### Problem description
Starting at the line that contains "1920s Art Deco", copy every line to the end of the material below exactly, and omit the pictures.

### Data excerpt
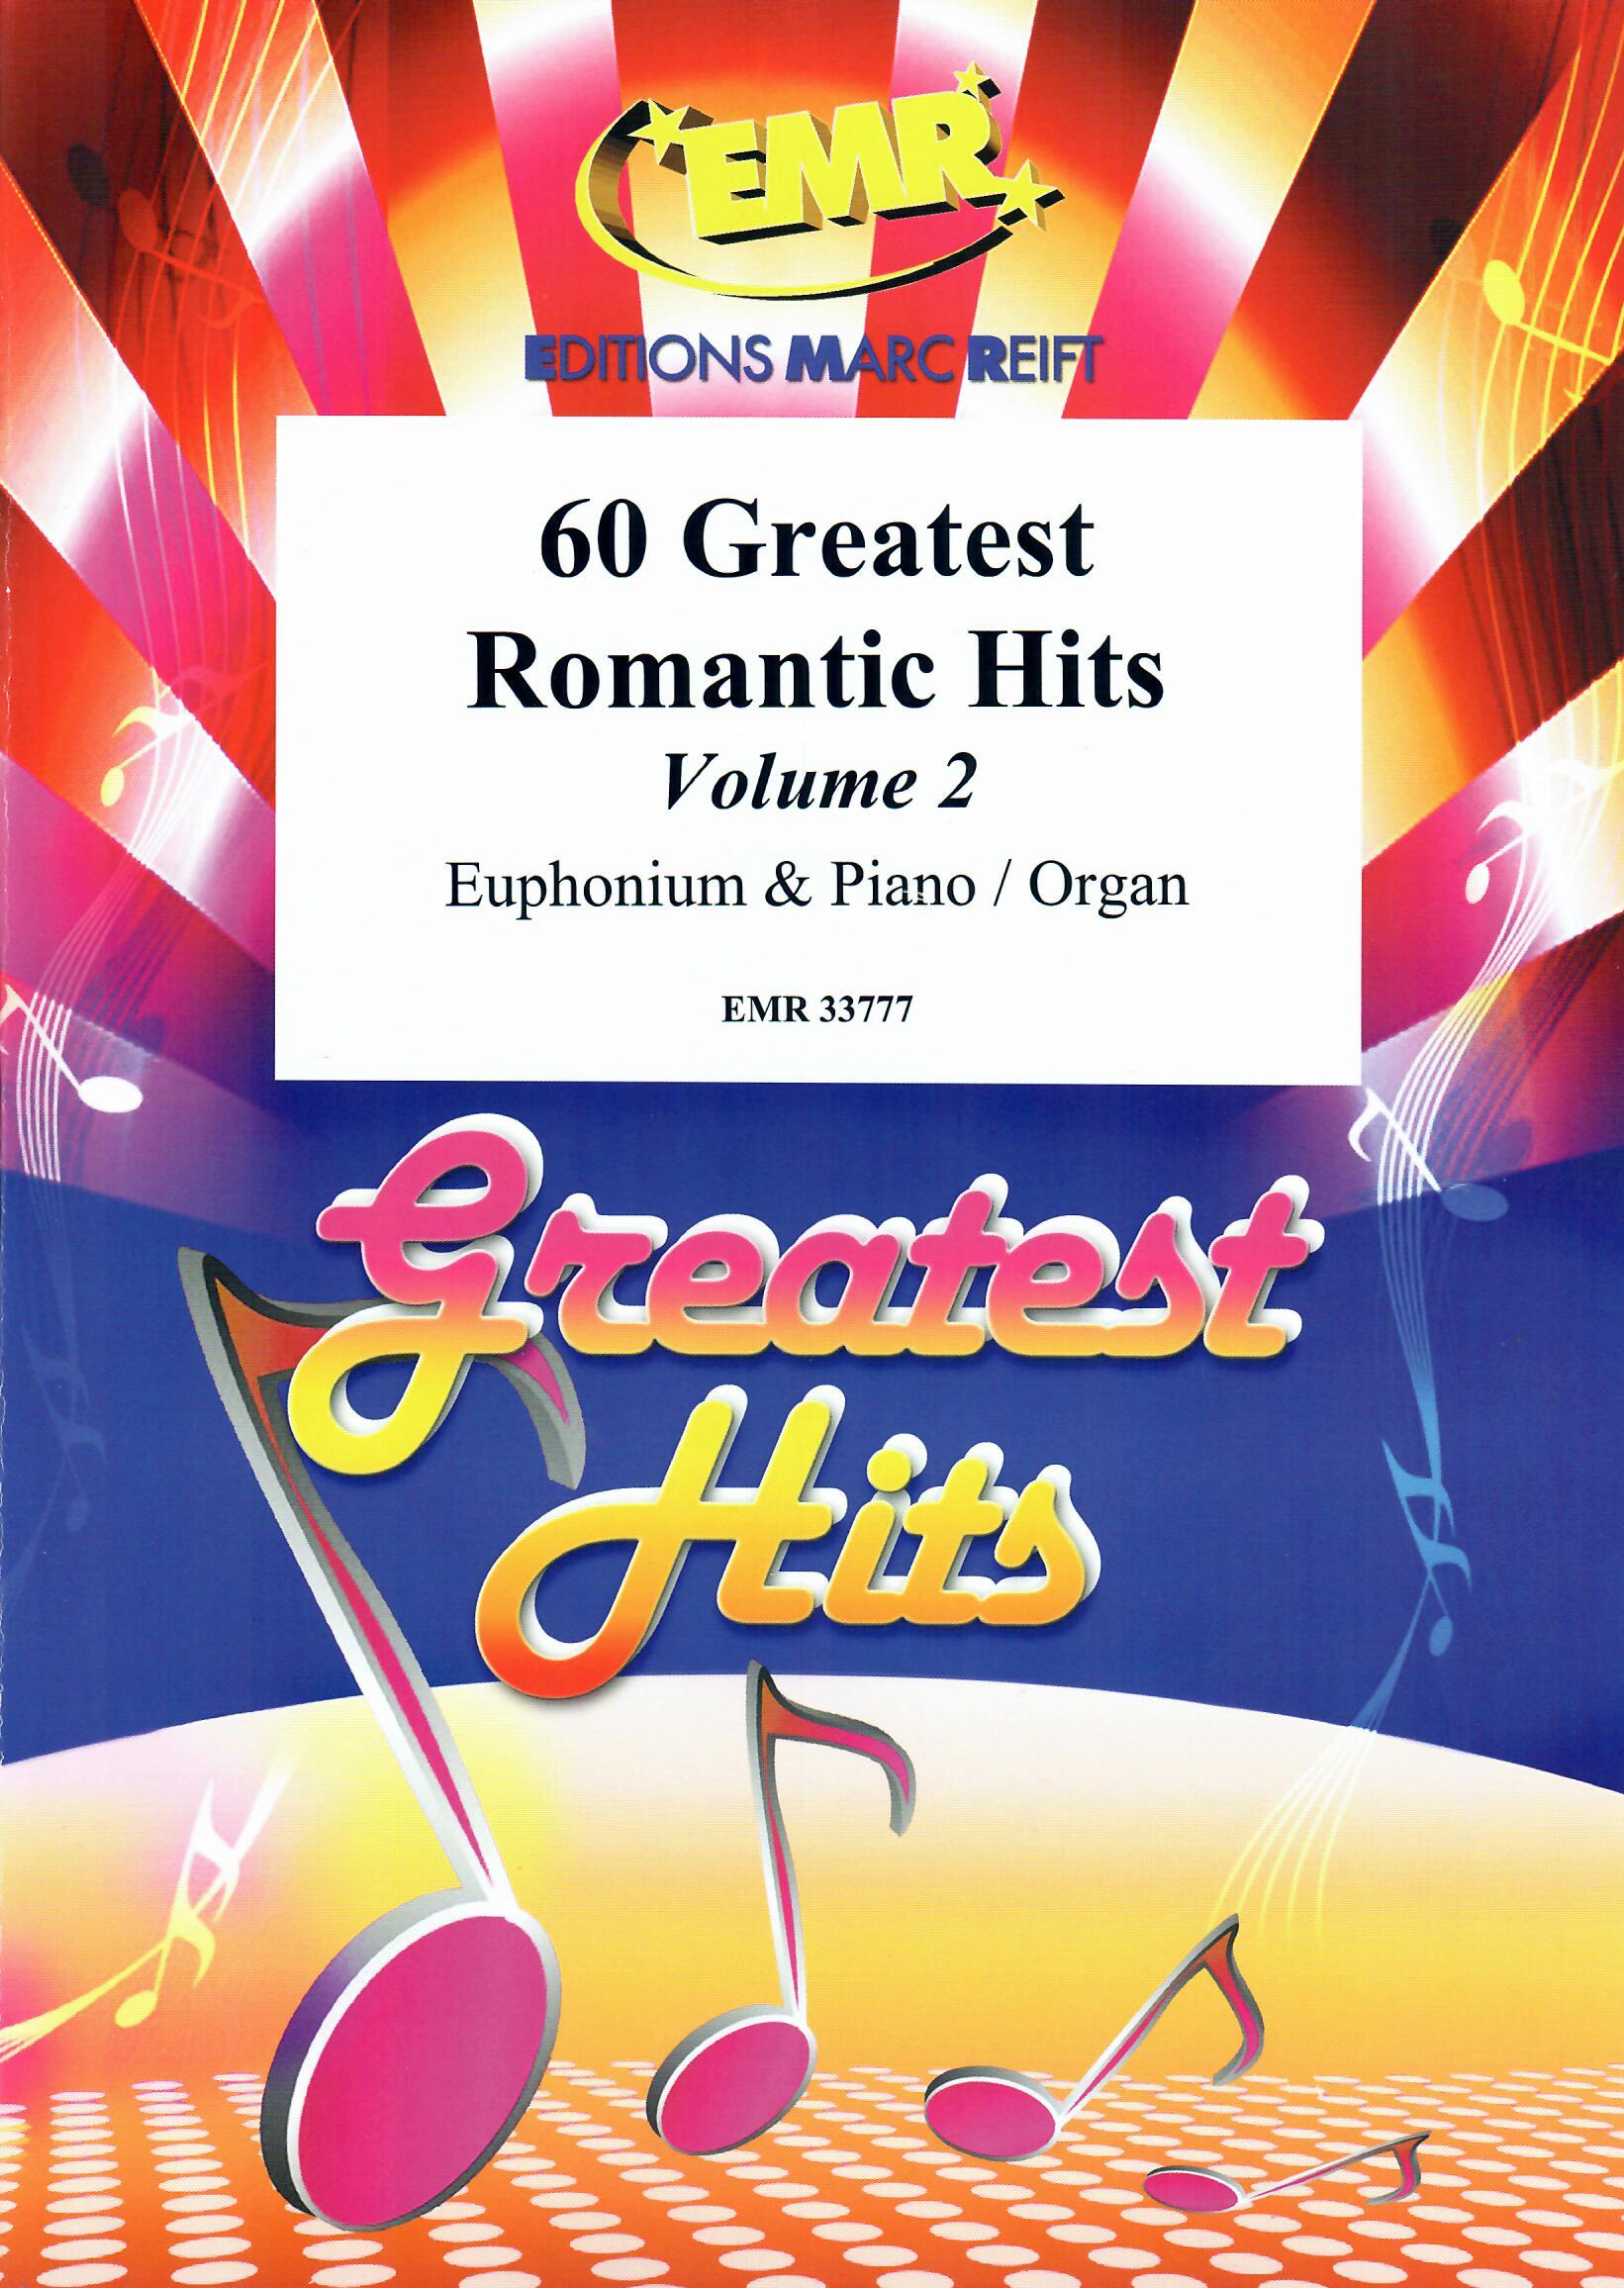 60 GREATEST ROMANTIC HITS VOLUME 2, SOLOS - Euphonium
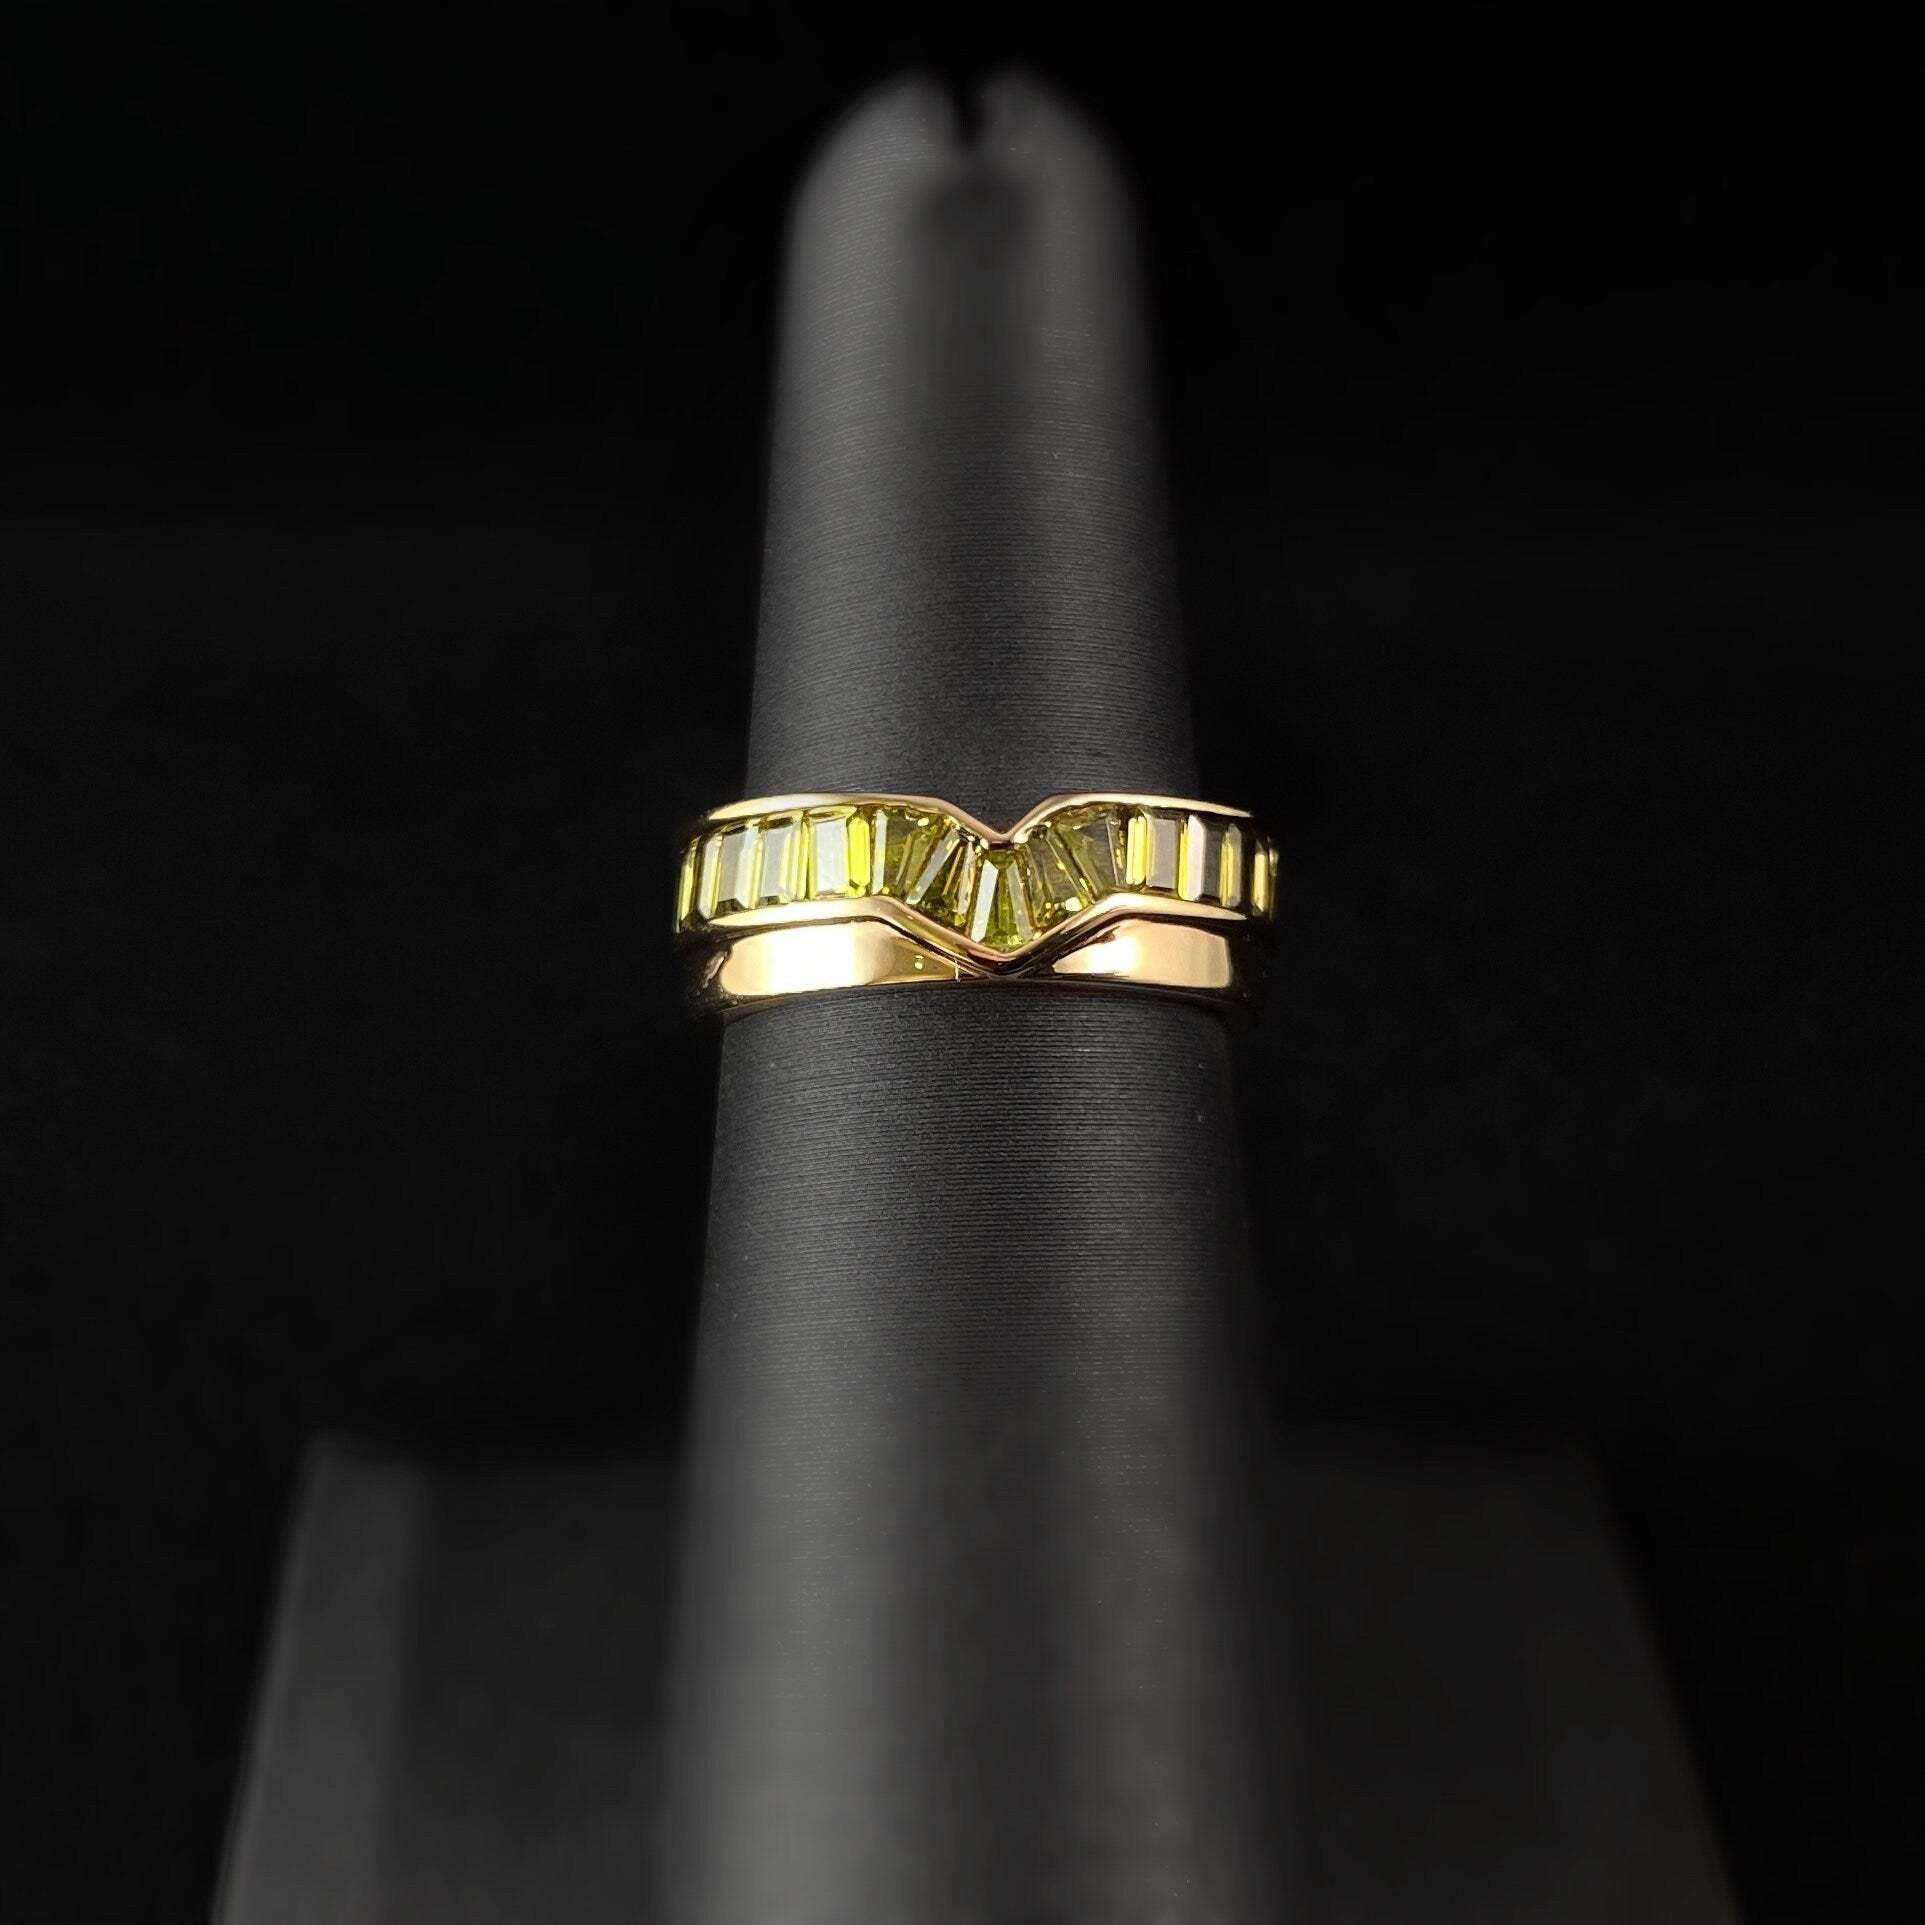 1920s Art Deco Style Gold Ring with Chevron Peak Peridot Green Stones - Size 6
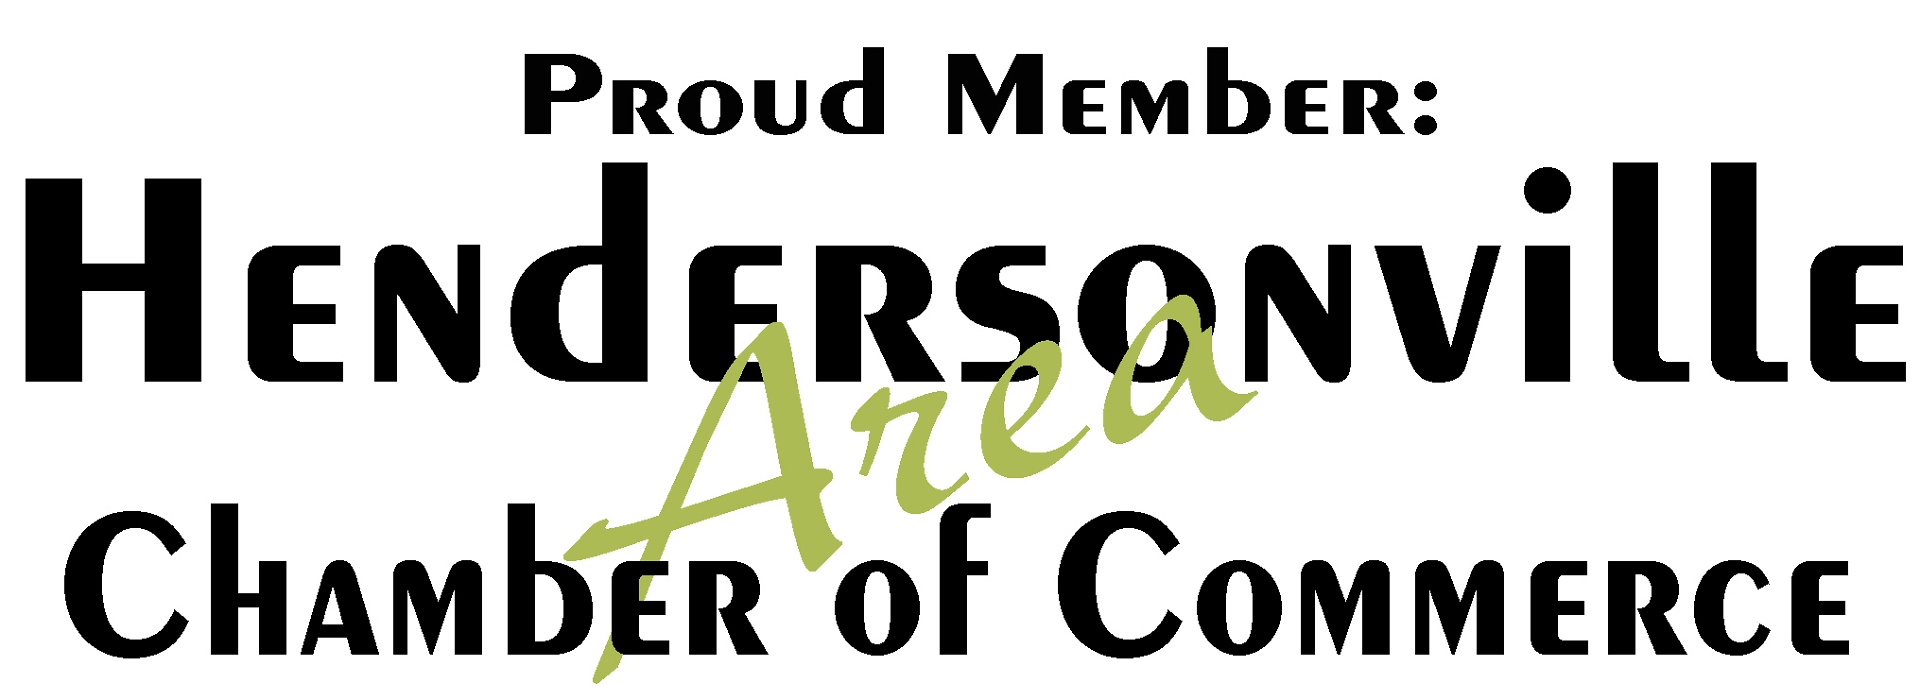 Proud Member Logo copy

### Output
 1920s Art Deco Style Gold Ring with Chevron Peak Peridot Green Stones - Size 6
 Proud Member Logo copy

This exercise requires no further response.